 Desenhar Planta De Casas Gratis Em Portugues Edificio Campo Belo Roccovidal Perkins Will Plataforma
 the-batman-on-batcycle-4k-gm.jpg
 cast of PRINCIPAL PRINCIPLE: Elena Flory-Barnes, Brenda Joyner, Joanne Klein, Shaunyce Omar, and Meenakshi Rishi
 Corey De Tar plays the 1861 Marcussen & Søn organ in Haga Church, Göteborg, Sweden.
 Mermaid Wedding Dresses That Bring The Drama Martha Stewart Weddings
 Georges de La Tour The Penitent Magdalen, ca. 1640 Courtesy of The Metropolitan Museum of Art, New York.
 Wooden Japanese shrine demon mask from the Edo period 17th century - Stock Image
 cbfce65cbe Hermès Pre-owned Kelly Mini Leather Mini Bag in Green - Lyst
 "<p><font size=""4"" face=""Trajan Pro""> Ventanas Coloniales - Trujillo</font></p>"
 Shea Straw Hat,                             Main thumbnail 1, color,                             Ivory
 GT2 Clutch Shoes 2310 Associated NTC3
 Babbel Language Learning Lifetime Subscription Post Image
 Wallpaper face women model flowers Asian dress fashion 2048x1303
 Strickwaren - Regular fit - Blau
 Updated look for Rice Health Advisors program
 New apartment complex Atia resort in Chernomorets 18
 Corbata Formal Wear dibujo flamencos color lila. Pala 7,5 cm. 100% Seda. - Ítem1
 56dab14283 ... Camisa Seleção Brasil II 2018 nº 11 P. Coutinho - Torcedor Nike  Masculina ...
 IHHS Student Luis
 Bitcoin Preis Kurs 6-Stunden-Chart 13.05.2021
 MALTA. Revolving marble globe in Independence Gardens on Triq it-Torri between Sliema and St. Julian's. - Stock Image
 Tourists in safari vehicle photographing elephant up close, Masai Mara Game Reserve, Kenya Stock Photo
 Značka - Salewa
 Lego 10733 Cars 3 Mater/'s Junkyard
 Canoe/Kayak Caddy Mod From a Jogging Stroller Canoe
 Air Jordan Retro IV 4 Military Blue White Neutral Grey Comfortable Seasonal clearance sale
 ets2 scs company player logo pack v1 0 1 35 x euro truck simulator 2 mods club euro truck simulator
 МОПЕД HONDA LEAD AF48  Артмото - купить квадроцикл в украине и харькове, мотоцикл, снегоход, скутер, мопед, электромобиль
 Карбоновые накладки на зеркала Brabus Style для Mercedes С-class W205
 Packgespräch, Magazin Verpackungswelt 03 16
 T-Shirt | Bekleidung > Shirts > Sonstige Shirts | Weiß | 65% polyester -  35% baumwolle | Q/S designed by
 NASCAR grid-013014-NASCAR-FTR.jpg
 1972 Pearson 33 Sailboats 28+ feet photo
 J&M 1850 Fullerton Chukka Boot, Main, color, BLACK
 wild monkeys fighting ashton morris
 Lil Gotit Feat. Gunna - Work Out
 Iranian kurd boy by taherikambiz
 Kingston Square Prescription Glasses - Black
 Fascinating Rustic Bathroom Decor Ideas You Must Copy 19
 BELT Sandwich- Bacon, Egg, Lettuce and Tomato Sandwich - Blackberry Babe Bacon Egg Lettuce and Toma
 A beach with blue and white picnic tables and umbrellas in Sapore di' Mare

→ **Exercise aim**:
A single number is the answer: how many lines of the material above hold the word "color"?

→ **Task answer**:
3